Followers
Monday, June 18, 2007
Miss America calls for Internet safety
By Sean Murphy, Associated Press
OKLAHOMA CITY — Having already helped police target sexual predators online, Miss America Lauren Nelson now is teaming with a security software company to help educate parents and children about dangers on the Internet.
Nelson, 20, will join officials from Symantec as a tractor-trailer with the latest in digital technology travels to stores, camps and universities across the country, trying to bring together parents with little Internet familiarity and their cyber-savvy children.
'AMERICA'S MOST WANTED': Lauren Nelson's Internet predator sting
"Hopefully we can help close that gap and create a dialogue with kids and parents about Internet safety," Nelson said. "We're doing things all over the country and speaking about the issue."
Nelson made Internet safety her platform issue, prompted in part by an experience she and two of her friends had with a stranger they encountered on the Internet when they were about 13.

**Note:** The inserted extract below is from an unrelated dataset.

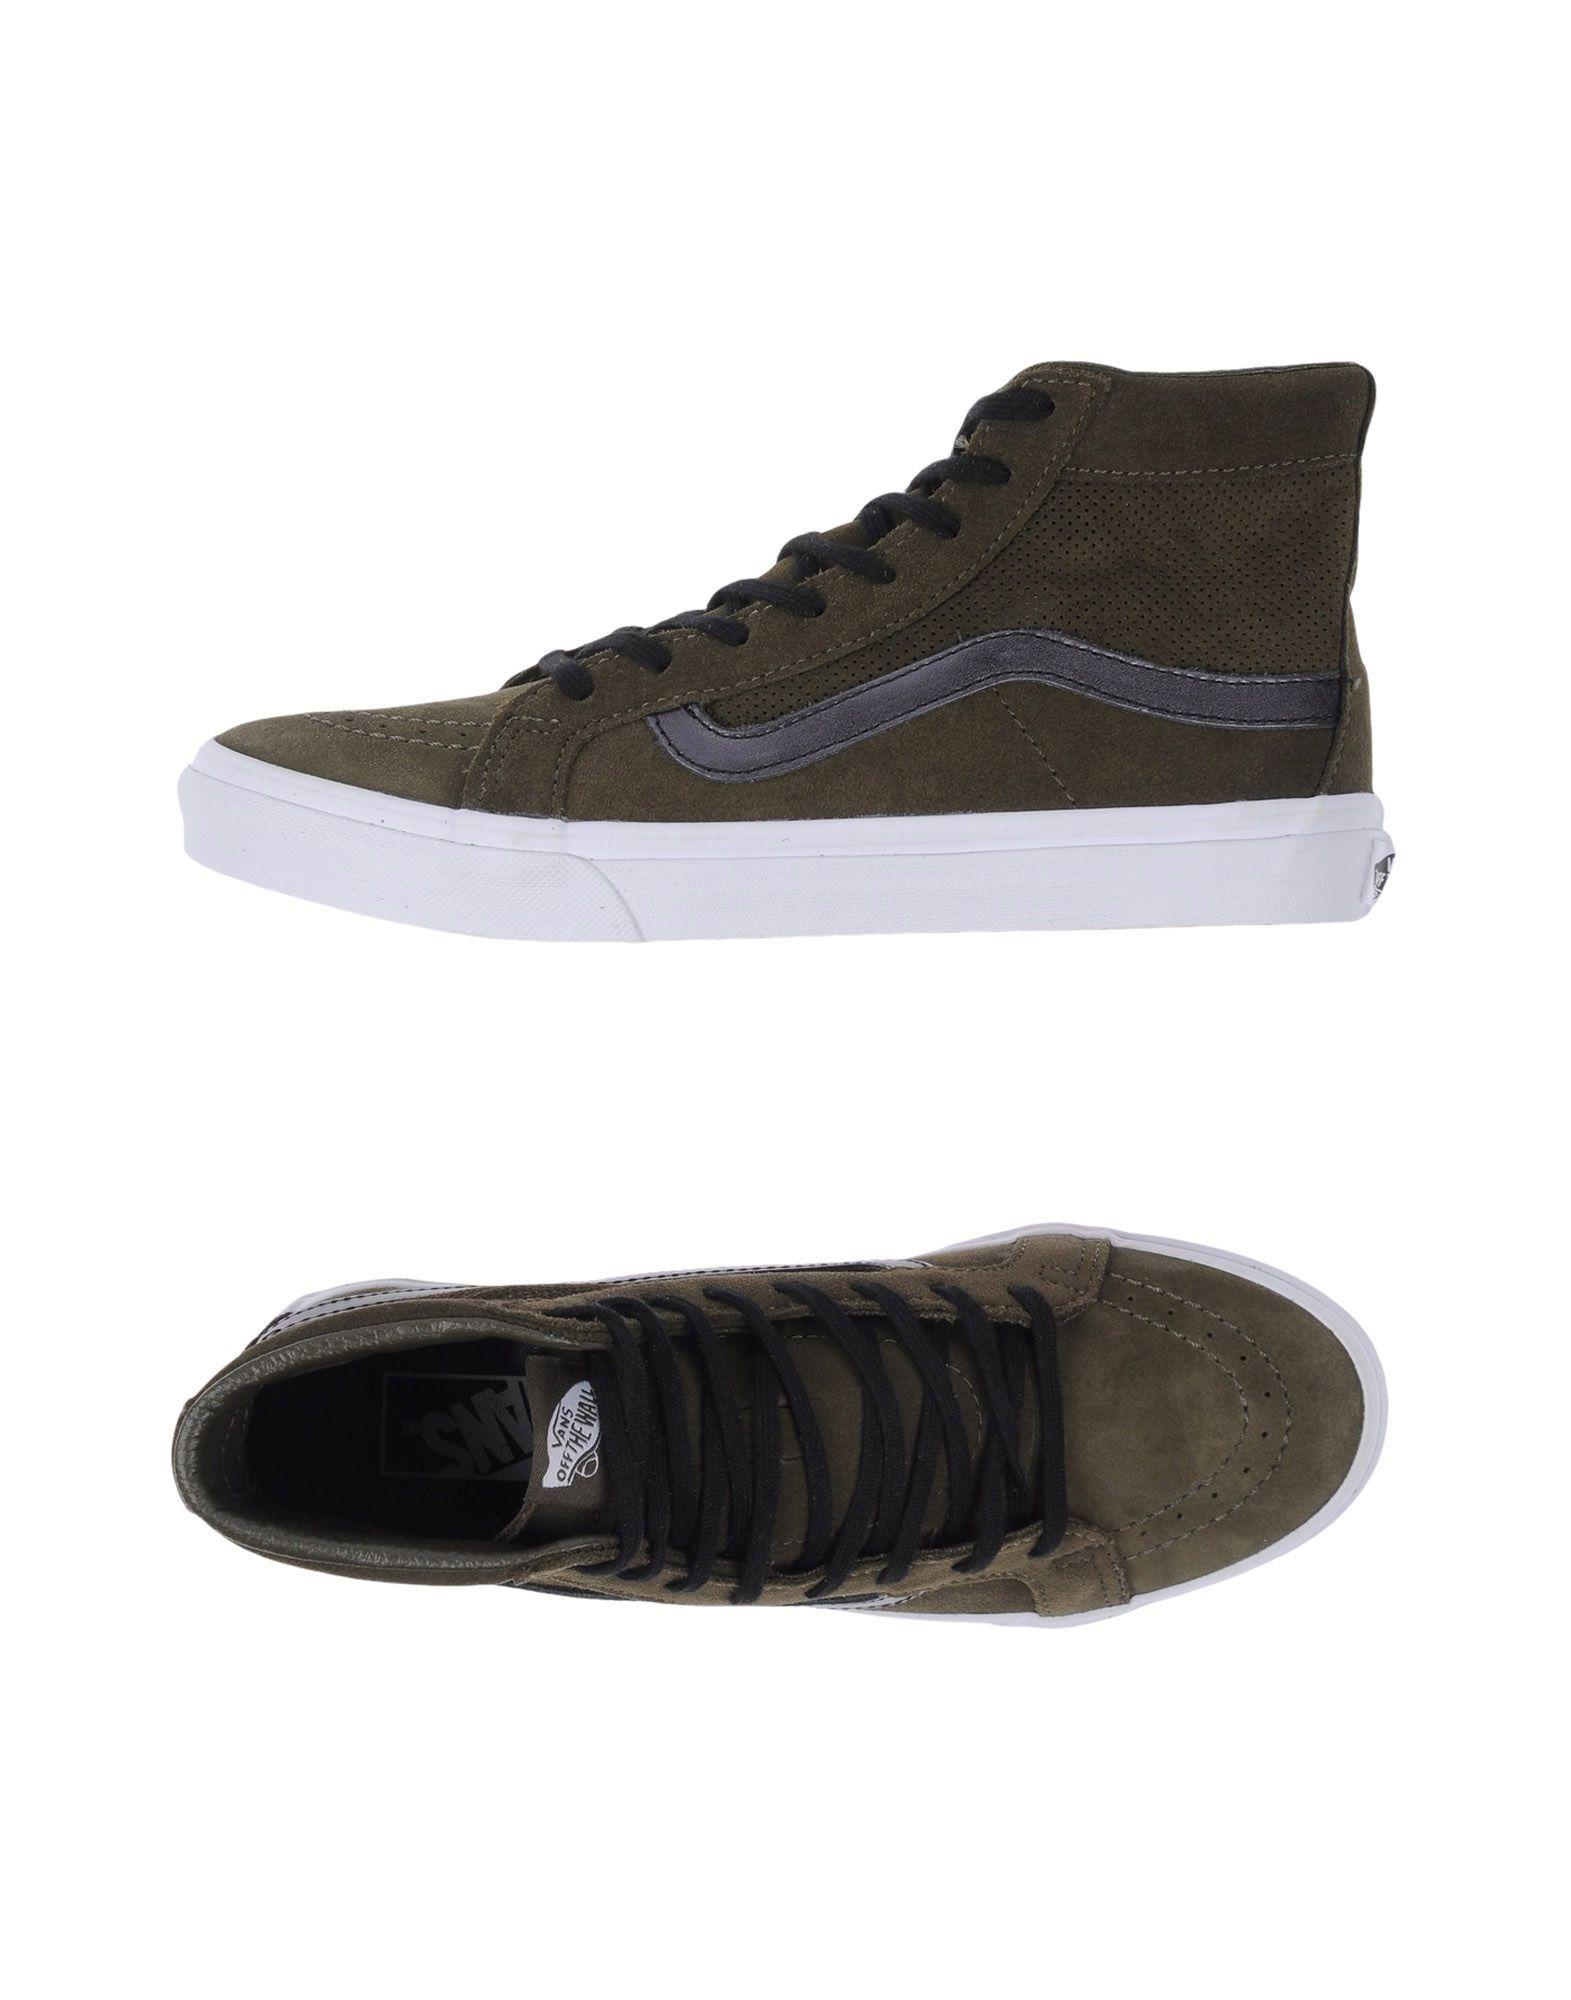 Nuevos zapatos para hombres y mujeres, descuento por tiempo tiempo tiempo limitado Zapatillas Vans U Sk8-Hi Slim Cutout Perf Suede Ta - Mujer - Zapatillas Vans  Verde militar 3a7563

"We were chatting innocently on the computer when we were approached by an older gentleman," the Lawton beauty queen said. "He later sent inappropriate pictures of himself, and that's when we alerted our parents.
"If it was a problem seven years ago, it's an even bigger problem now."
In April, Nelson helped investigators in Suffolk County, N.Y., with an undercover sex sting. Eleven men were arrested after Nelson created an online profile of a 14-year-old girl that included photographs of her as a teenager.
"Doing the sting operation really opened my eyes to the way these predators work," Nelson said. "They can be any age, look any way and have any background."
While parents may fear the prospect of their children being approached by a stranger on the Internet or lured away to a face-to-face meeting, a much more common danger for children on the Internet is cyberbullying, said Marian Merritt, an Internet safety advocate for Cupertino, Calif.-based Symantec.
Merritt described cyberbullying as using the Internet or digital technology to harass someone by posting things like hurtful comments, misrepresentations or unflattering photos. With the growing popularity of social networking sites like MySpace, surveys show more than 40% of teens have experienced some form of cyberbullying in the last year, Merritt said.
"These things can be incredibly damaging, especially to a young child," she said. "An adult can have a hard time, but for a kid it can be even worse."